● **Problem to solve**
In the records below, locate the line containing "Pimpinan Redaksi Media", then extract it and all following lines exactly, ending with the last line.
========
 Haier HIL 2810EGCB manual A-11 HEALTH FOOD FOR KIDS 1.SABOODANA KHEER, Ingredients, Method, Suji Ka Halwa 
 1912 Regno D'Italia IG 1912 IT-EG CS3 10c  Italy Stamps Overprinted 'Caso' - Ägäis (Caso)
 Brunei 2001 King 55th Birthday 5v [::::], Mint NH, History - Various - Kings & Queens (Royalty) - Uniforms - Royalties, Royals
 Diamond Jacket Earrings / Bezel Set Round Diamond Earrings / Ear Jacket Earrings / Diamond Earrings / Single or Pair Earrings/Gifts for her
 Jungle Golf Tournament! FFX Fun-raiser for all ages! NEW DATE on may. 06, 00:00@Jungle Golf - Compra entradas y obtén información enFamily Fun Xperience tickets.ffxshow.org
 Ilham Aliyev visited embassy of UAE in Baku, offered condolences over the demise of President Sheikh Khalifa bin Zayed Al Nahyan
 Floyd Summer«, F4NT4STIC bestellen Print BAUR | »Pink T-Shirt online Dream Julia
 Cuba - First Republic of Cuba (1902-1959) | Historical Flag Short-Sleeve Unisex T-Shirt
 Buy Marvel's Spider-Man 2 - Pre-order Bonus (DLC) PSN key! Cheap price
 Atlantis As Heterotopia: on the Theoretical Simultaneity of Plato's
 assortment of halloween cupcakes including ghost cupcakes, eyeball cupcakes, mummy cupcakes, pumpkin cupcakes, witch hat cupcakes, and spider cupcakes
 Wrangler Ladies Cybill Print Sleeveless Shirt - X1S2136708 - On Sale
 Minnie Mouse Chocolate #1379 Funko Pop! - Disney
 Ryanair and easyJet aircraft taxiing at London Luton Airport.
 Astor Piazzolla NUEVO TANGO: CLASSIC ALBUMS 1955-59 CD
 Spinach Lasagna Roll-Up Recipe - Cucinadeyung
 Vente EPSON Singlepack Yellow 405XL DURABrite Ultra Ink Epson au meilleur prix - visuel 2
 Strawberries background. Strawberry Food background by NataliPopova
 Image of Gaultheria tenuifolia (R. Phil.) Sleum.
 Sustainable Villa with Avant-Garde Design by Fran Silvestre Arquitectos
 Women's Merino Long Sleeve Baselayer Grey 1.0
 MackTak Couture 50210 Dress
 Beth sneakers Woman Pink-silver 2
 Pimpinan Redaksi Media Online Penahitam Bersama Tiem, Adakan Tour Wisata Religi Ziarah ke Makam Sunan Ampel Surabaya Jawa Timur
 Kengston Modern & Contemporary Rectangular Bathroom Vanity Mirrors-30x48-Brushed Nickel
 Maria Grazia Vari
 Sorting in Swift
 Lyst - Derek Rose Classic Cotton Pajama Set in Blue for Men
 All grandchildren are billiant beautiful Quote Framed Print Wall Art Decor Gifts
========
● **Exercise output**
 Pimpinan Redaksi Media Online Penahitam Bersama Tiem, Adakan Tour Wisata Religi Ziarah ke Makam Sunan Ampel Surabaya Jawa Timur
 Kengston Modern & Contemporary Rectangular Bathroom Vanity Mirrors-30x48-Brushed Nickel
 Maria Grazia Vari
 Sorting in Swift
 Lyst - Derek Rose Classic Cotton Pajama Set in Blue for Men
 All grandchildren are billiant beautiful Quote Framed Print Wall Art Decor Gifts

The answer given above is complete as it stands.